Russia will be represented in most sports at the Rio Olympics, with 271 of its sportsmen and women cleared to participate ahead of the opening ceremony, Russian Olympic Committee (ROC) head Alexander Zhukov has said.
Russian boxers, judokas and shooters were among those given last-minute approval by the International Olympic Committee (IOC) in the aftermath of a doping scandal which has tarnished Russia's reputation as a sporting superpower and threatened to split the Olympic movement.
Russia's depleted team will comprise about 70 percent of the 387-strong squad originally named for the Games.
The country's track-and-field athletes and weightlifters have already been barred over doping offences, and Russia narrowly avoided a complete ban over allegations its government and FSB security service systematically covered up widespread cheating.
The IOC chose not to impose a blanket ban on all Russian athletes at a meeting in July, but directed sports federations to allow them to compete if they met a set of criteria, including a clean doping past and sufficient testing at international events.

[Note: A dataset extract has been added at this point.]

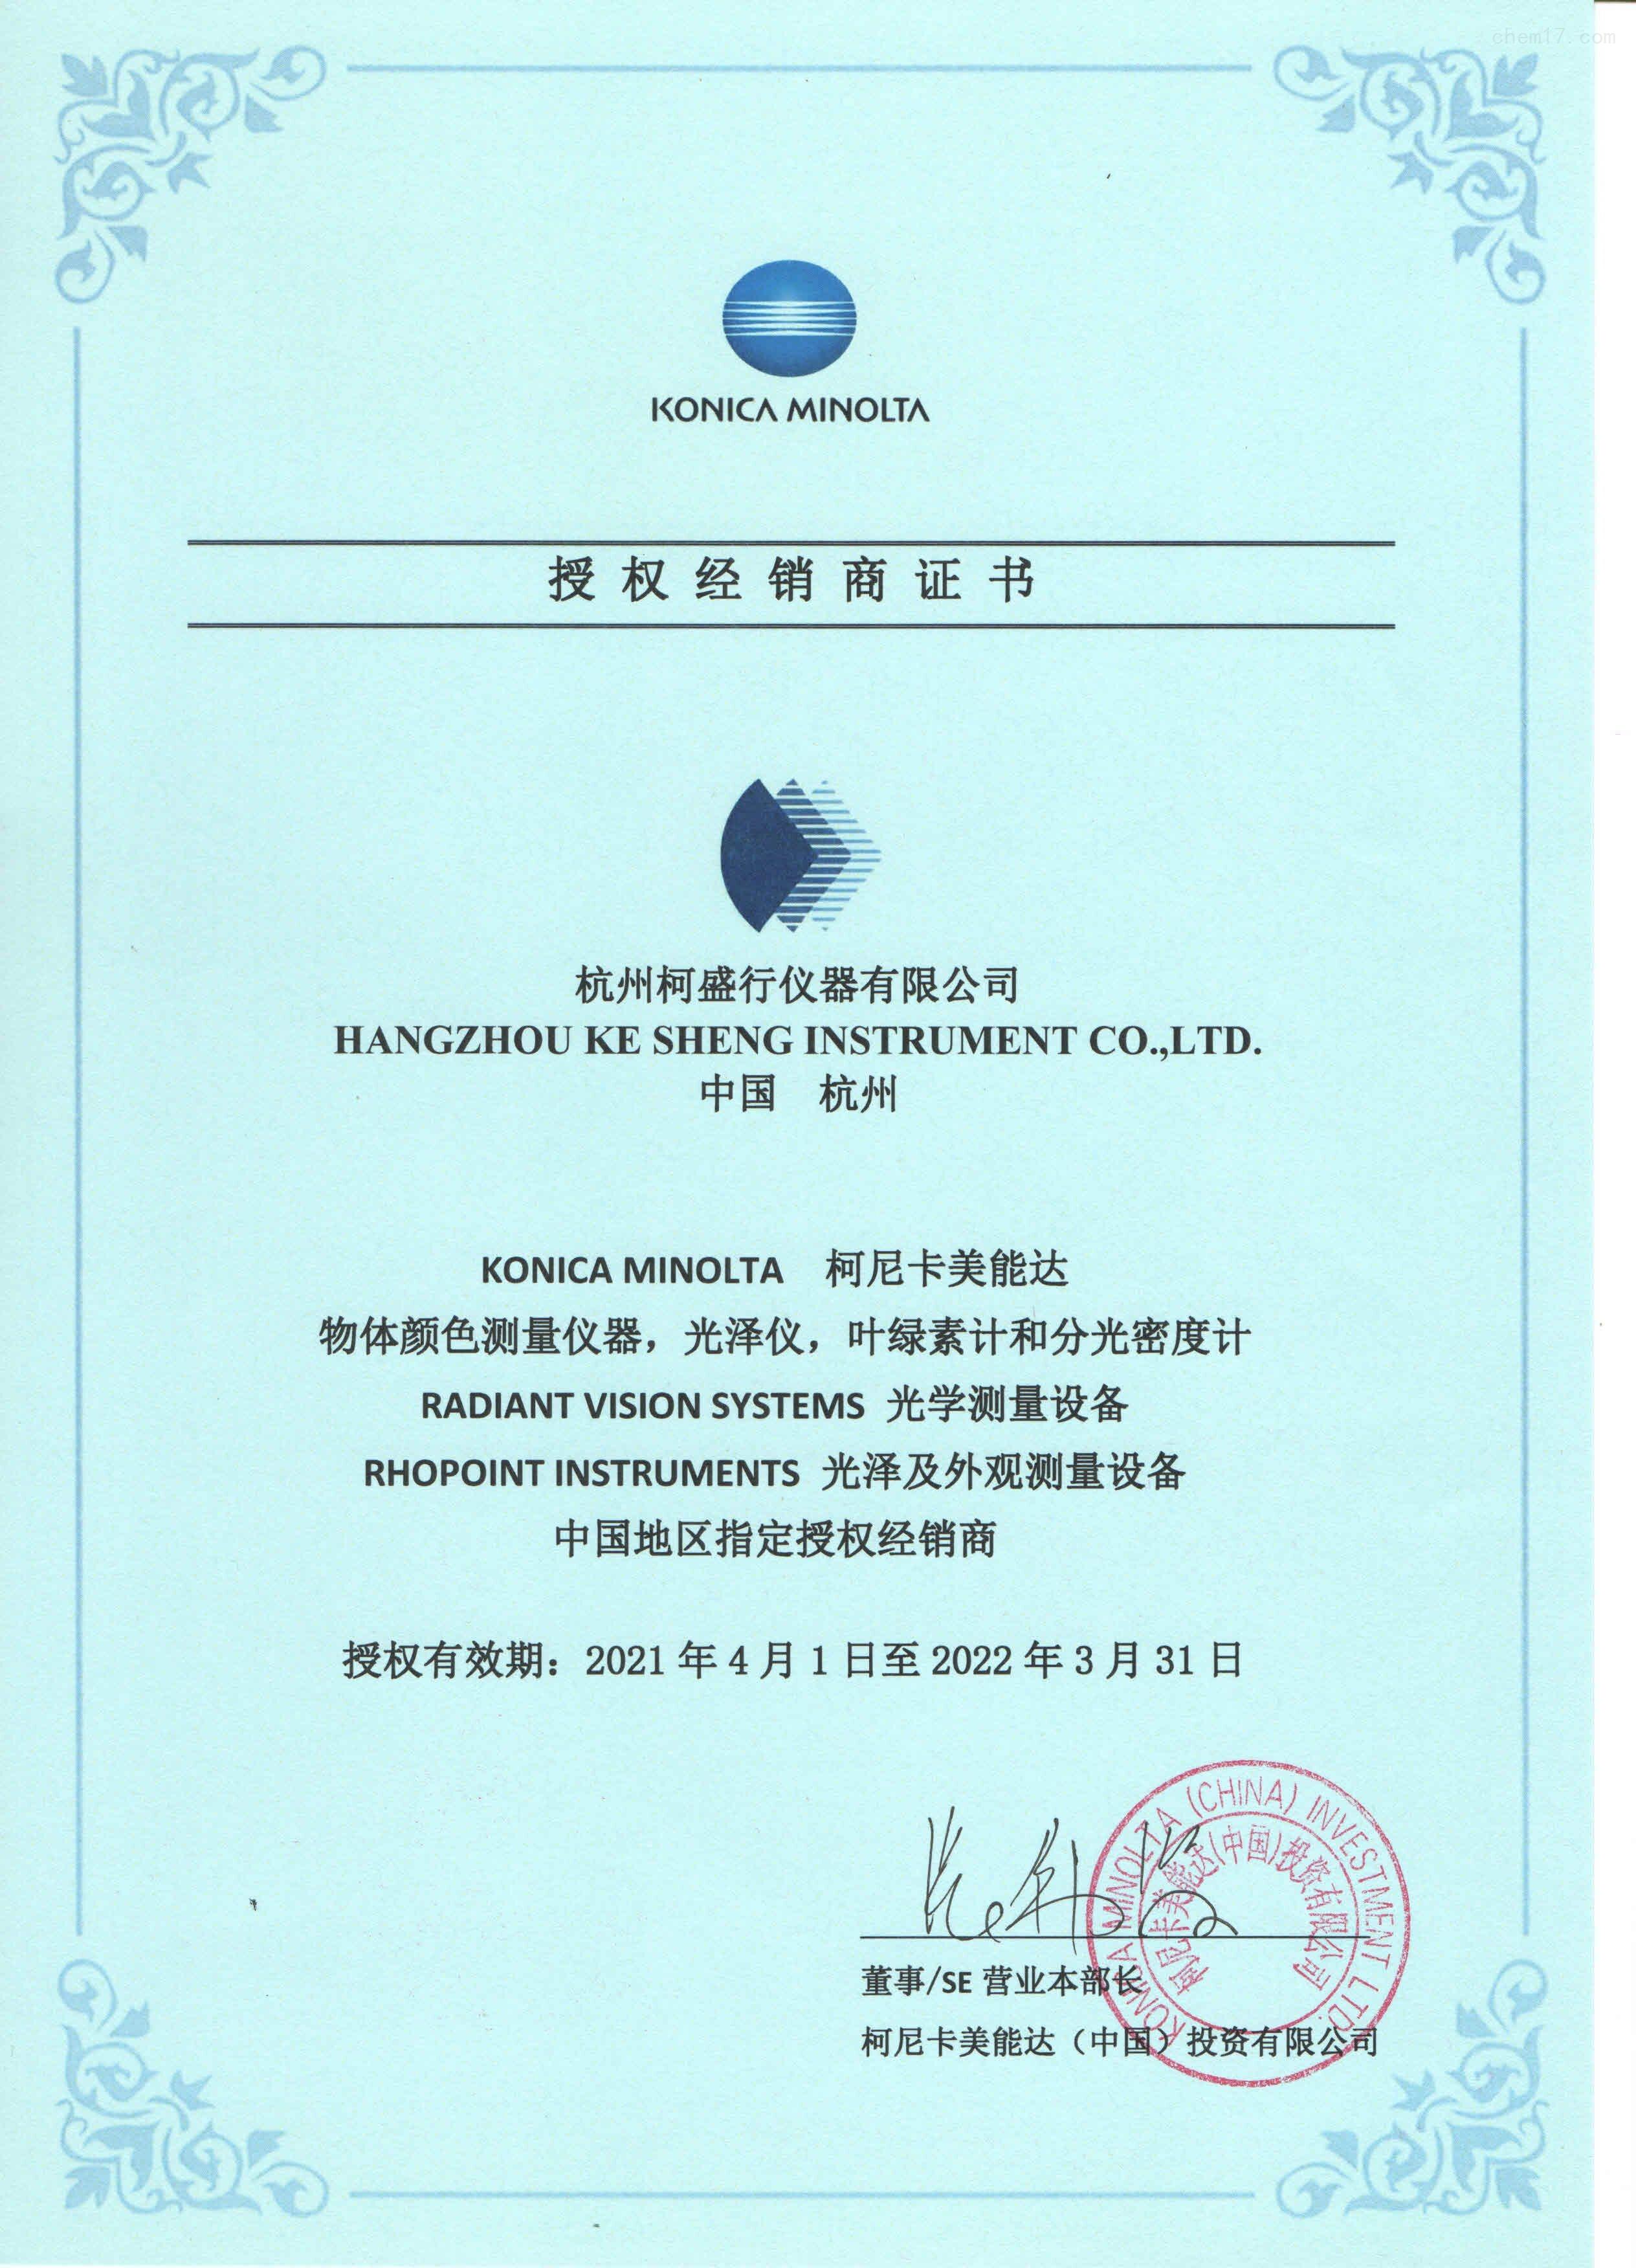 授权经销商证书

Zhukov said the stringent conditions meant Russia's 271-strong team would now be the cleanest at the Rio Games.
"Not one team underwent such strict requirements as Russian athletes," he told a news conference in Rio. "No athletes from any country ... had the rules changed to bar those previously guilty of doping."
Russia has long drawn pride and prestige from its history of Olympic success and President Vladimir Putin has used sporting victories to showcase his image of the country as a resurgent global power.
Speaking to the Russian team before they left for Rio last week, Putin said Russia's Olympic ambitions had fallen victim to a politically-motivated plot.
Zhukov said it was unfair that Russian sports stars such as double Olympic champion pole vaulter Yelena Isinbayeva would now watch the Games from home while past doping offenders including top U.S. runner Justin Gatlin took to the field.
"Athletes such as Yelena Isinbayeva ... are absolutely clean," he said. "This is a flagrant injustice."